Customizing and Processing the Forecasting Model (Intermediate Data Mining Tutorial)

The Microsoft Time Series algorithm provides parameters that affect how a model is created, and how time data is analyzed. Changing these properties can significantly affect how the mining model makes predictions.

For this task in the tutorial, you will perform the following tasks to modify the model:

  1. You will customize the way your model handles time periods by adding a new value for the PERIODICITY_HINT parameter.

  2. You will learn about two other important parameters for the Microsoft Time Series algorithm: FORECAST_METHOD, which lets you control the method used for forecasting, and PREDICTION_SMOOTHING, which lets you customize the blend of long-term and short-term predictions.

  3. Optionally, you will tell the algorithm how you want missing values to be imputed.

  4. After all the changes have been made, you will deploy and process the model.

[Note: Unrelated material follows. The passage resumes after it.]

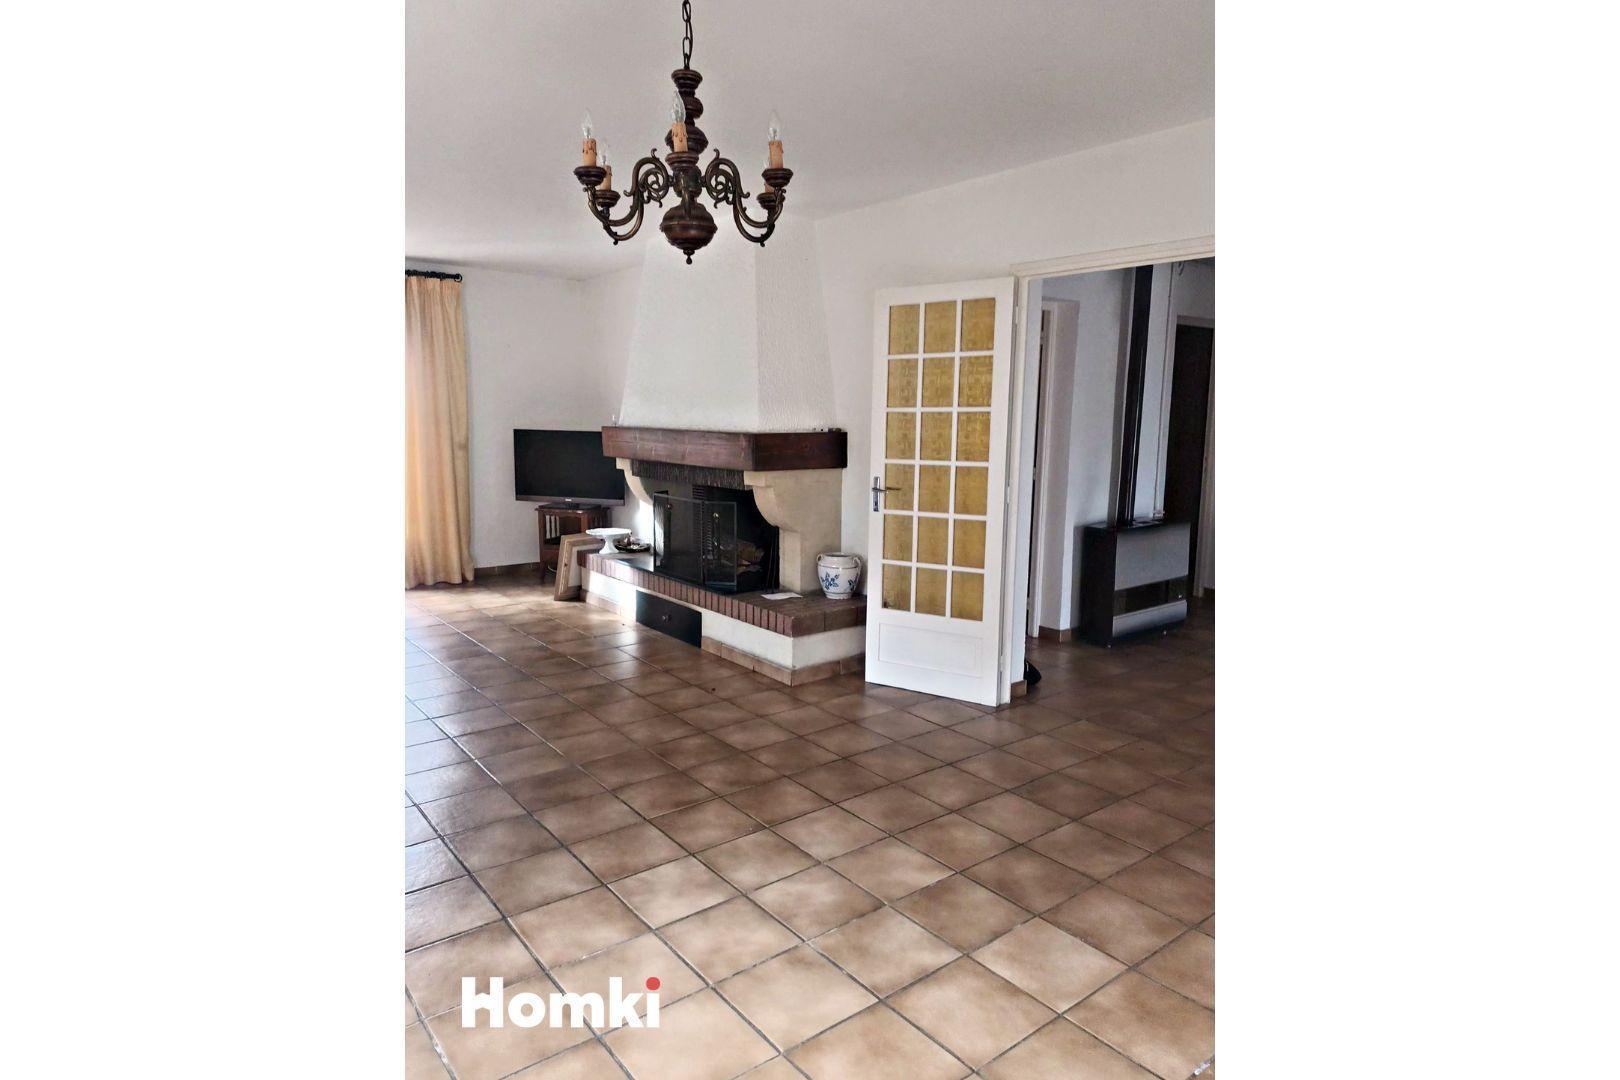 Homki - Vente Maison/villa  de 155.0 m² à Sérignan 34410

Setting Time Series Parameters

Periodicity Hints

The PERIODICITY_HINT parameter provides the algorithm with information about additional time periods that you expect to see in the data. By default, time series models will try to automatically detect a pattern in the data. However, if you already know the expected time cycle, providing a periodicity hint can potentially improve the accuracy of the model. However, if you provide the wrong periodicity hint, it can decrease accuracy; therefore, if you are not sure what value should be used, it is best to use the default.

For example, the view used for this model aggregates sales data from Adventure Works DW Multidimensional 2012 on a monthly basis. Therefore each time slice used by the model represents one month, and all predictions will also be in terms of months. Since there are 12 months in a year and you expect that sales patterns more or less repeat on a yearly basis, you will set the PERIODICITY_HINT parameter to 12, to indicate that 12 time slices (months) constitute one complete sales cycle.

Forecasting Method

The FORECAST_METHOD parameter controls whether the time series algorithm is optimized for short-term or long-term predictions. By default, the FORECAST_METHOD parameter is set to MIXED, which means that two different algorithms are blended and balanced to provide good results for both short-term and long-term prediction.

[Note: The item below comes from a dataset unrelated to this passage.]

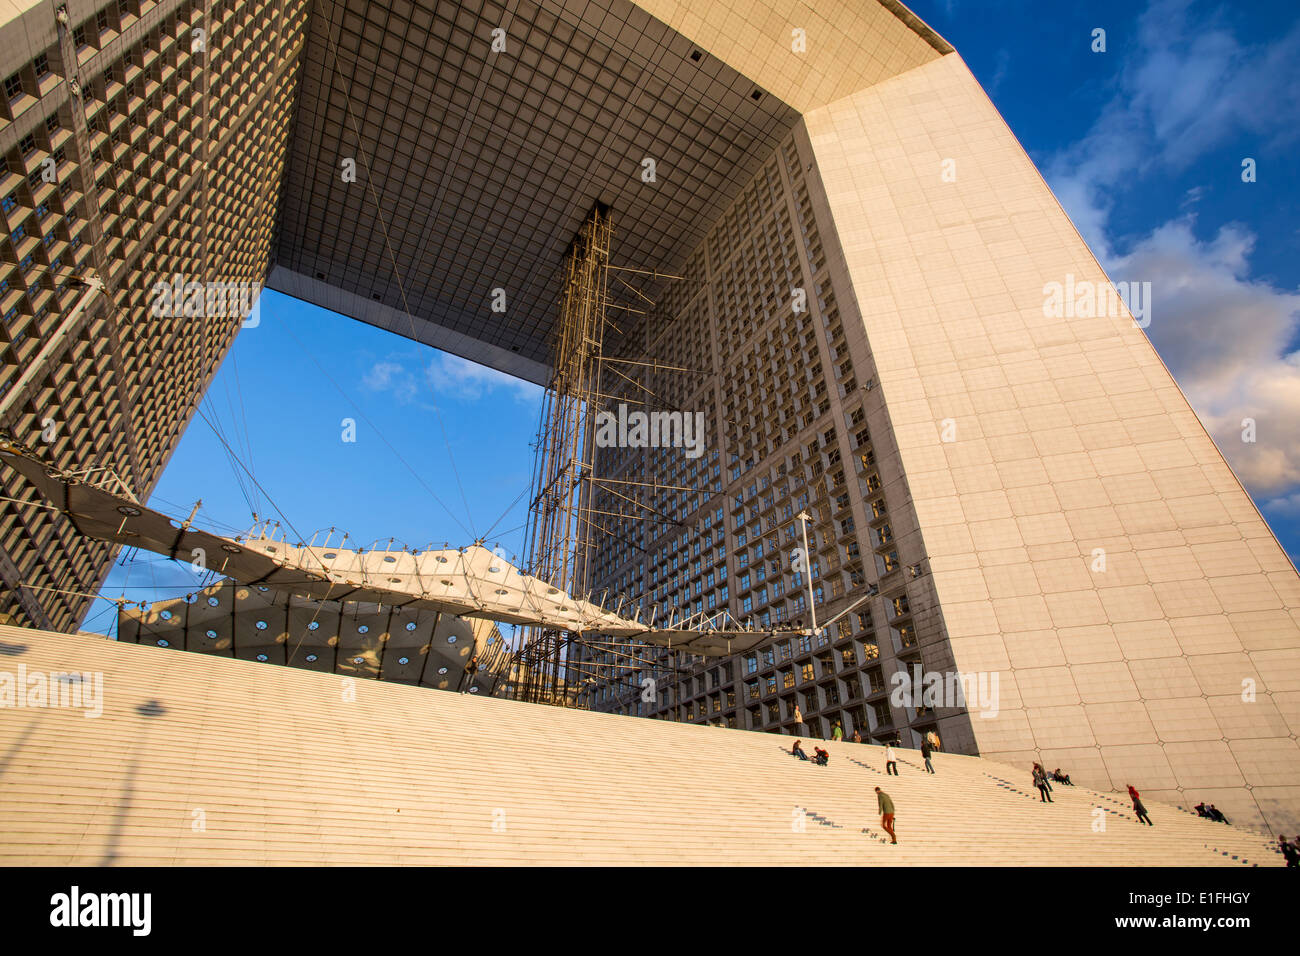 La Grande Arche in the modern business district - La Defense, Paris, France Stock Photo

However, if you know that you want to use a particular algorithm, you can change the value to either ARIMA or ARTXP.

Weighting Long-Term vs. Short-Term Predictions

You can also customize the way that long-term and short-term predictions are combined by using the PREDICTION_SMOOTHING parameter. By default, this parameter is set to 0.5, which generally provides the best balance for overall accuracy.

To change the algorithm parameters

  1. On the Mining Models tab, right-click Forecasting, and select Set Algorithm Parameters.

  2. In the PERIODICITY_HINT row of the Algorithm Parameters dialog box, click the Value column, then type {12}, including the braces.

    By default, the algorithm will also add the value {1}.

  3. In the FORECAST_METHOD row, verify that the Value text box is either blank or set to MIXED. If a different value has been entered, type MIXED to change the parameter back to the default value.

  4. In the PREDICTION_SMOOTHING row, verify that the Value text box is either blank or set to 0.5. If a different value has been entered, click Value and type 0.5 to change the parameter back to the default value.

    Note

    The PREDICTION_SMOOTHING parameter is available only in SQL Server Enterprise. Therefore, you cannot view or change the value of the PREDICTION_SMOOTHING parameter in SQL Server Standard. However, the default behavior is to use both algorithms and weight them equally.

  5. Click OK.

Handling Missing Data (Optional)

In many cases, your sales data might have gaps that are filled with nulls, or a store might have failed to meet the reporting deadline, leaving an empty cell at the end of the series. In such scenarios, Analysis Services raises the following error and will not process the model.

"Error (Data mining): Time stamps not synchronized starting with series <series name>, of the mining model, <model name>. All time series must end at the same time mark and cannot have arbitrarily missing data points. Setting the MISSING_VALUE_SUBSTITUTION parameter to Previous or to a numeric constant will automatically patch missing data points where possible."

To avoid this error, you can specify that Analysis Services automatically provide new values to fill in the gaps by using any one of the following methods:

  • Using an average value. The mean is calculated by using all valid values in the same data series.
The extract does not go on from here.